By Qinxia
Disclaimer: This is a translated work of Qinxia's 漫谈分布式系统. All rights reserved to the original author.
In the previous article, we explained the consistency problems in distributed systems. The single-master synchronous data replication mechanism was introduced in detail in the previous article. However, the required strong consistency still cannot be guaranteed.
Then, through the analysis of data replication, we find that the data consistency problem can be solved with transactions.
While transactions can be used to solve the problem of consistency in data replication, they are not only intended for this purpose. Therefore, we must have a good understanding of distributed transactions.
Data inconsistency among replicas is caused by machine or network failure. As a result, either the replicas do not know that they are different from each other, or they know they are different, but the problem cannot be solved.
In essence, each replica only holds partial information, so correct decisions cannot be made.
The right decision can be made if each replica holds all the information.
However, the synchronous consumption of information and the higher risk of errors caused by more complex processes make this solution unfeasible.

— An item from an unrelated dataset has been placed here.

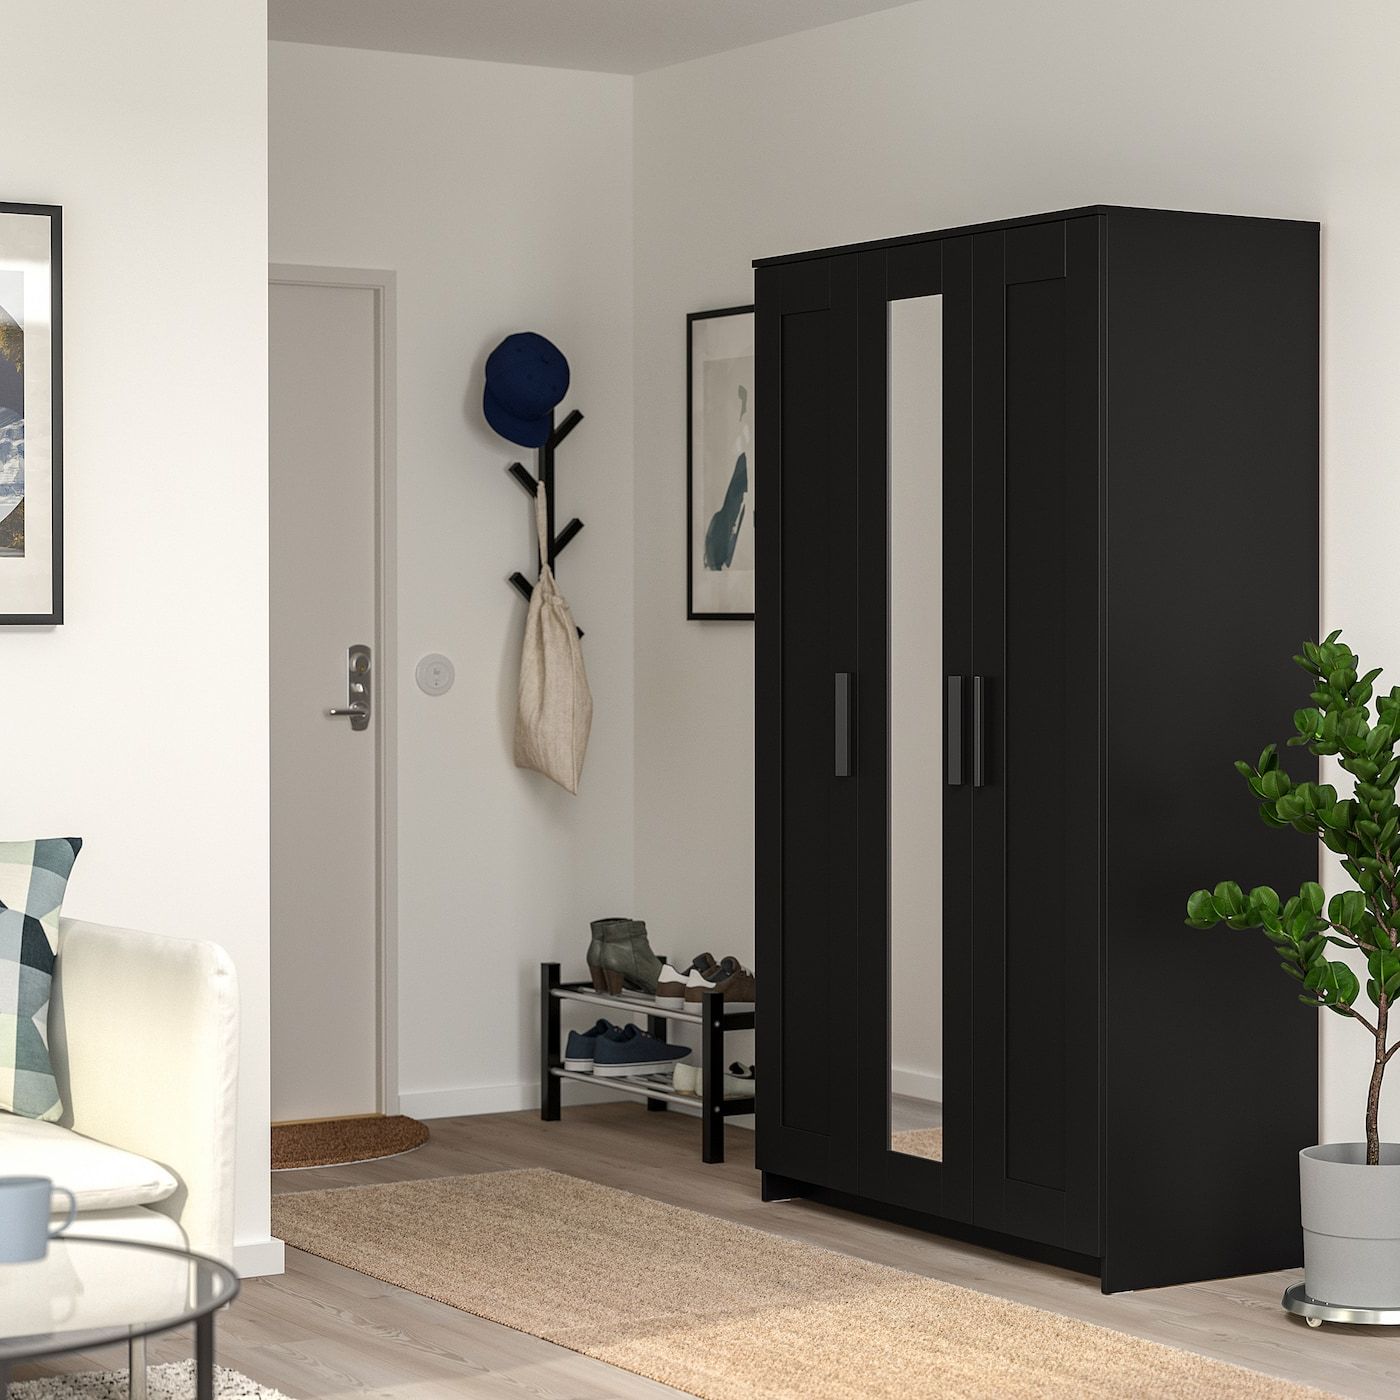 Brimnes Wardrobe With 3 Doors, Black, 46x743/4" – Ikea Intended For Black 3 Door Wardrobes (View 4 of 20)
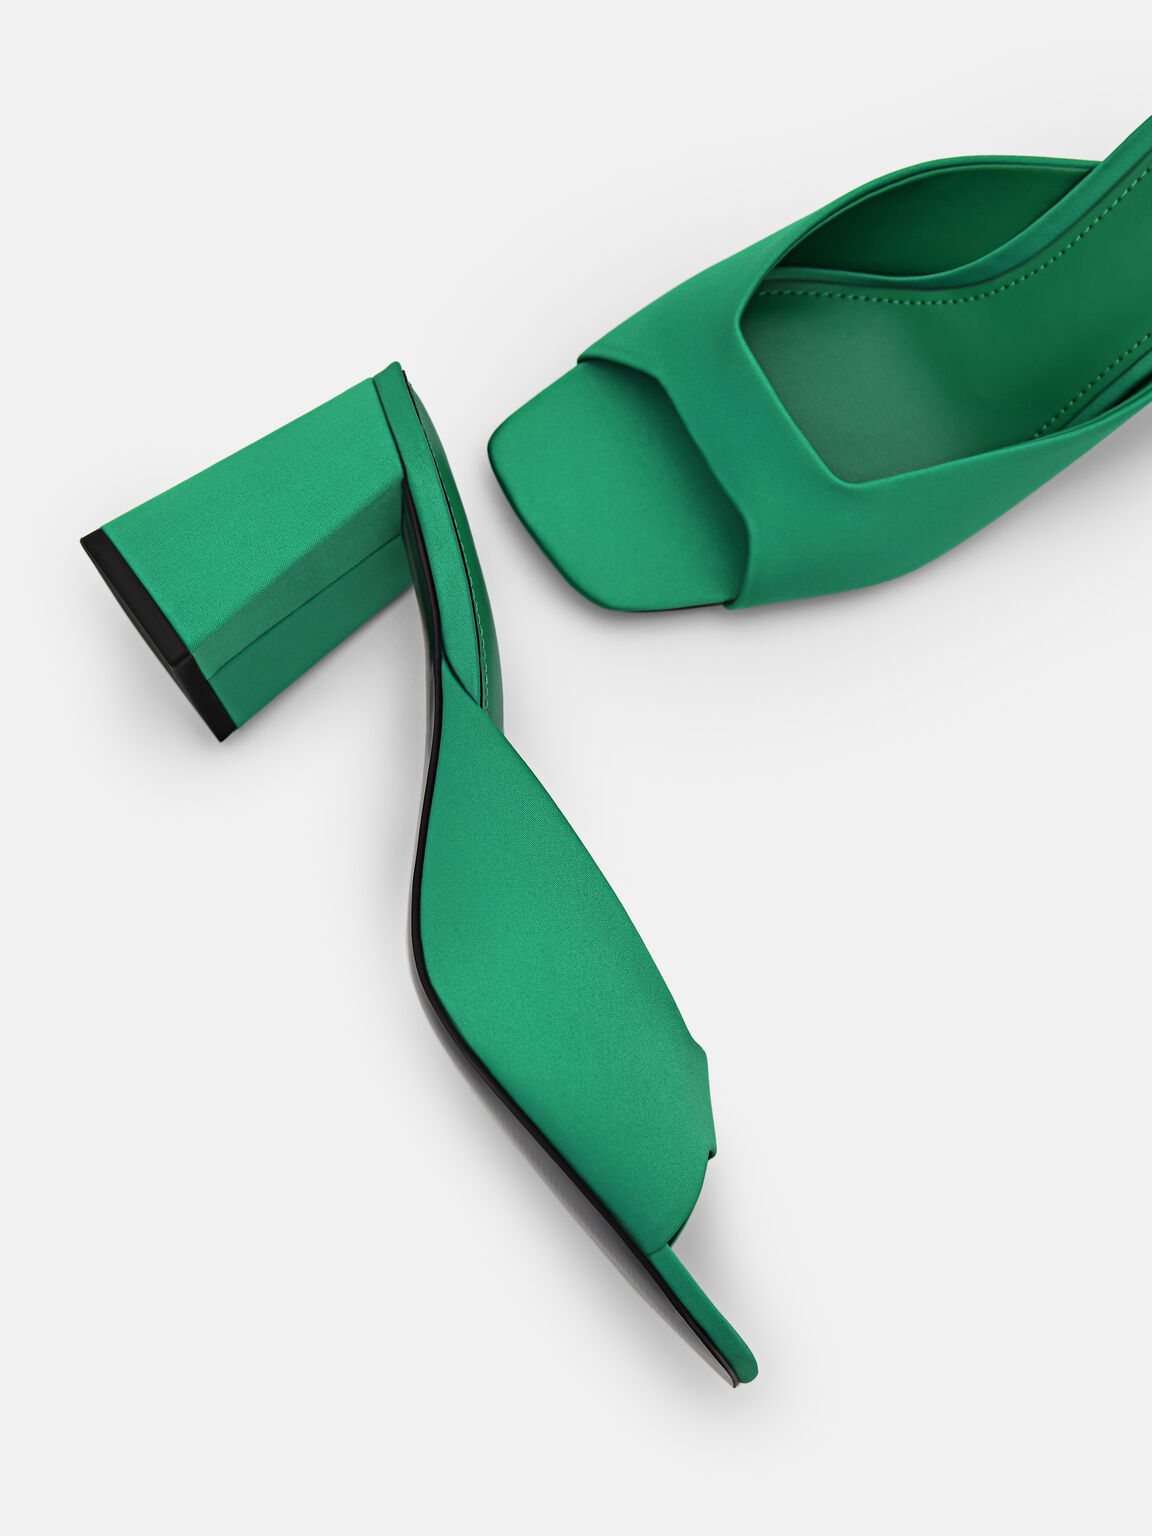 Peggy Heel Sandals, Green

The compromise is that only one replica (with the relevant functions abstracted and given a new role) holds all the information. Then, we can use it to coordinate the other replicas.
This idea has been reflected in the single-master and multiple-slave architecture. As a special replica, the master acts as a coordinator and does data replication to other replicas separately and independently. Now, there is a need to integrate these separate coordination efforts.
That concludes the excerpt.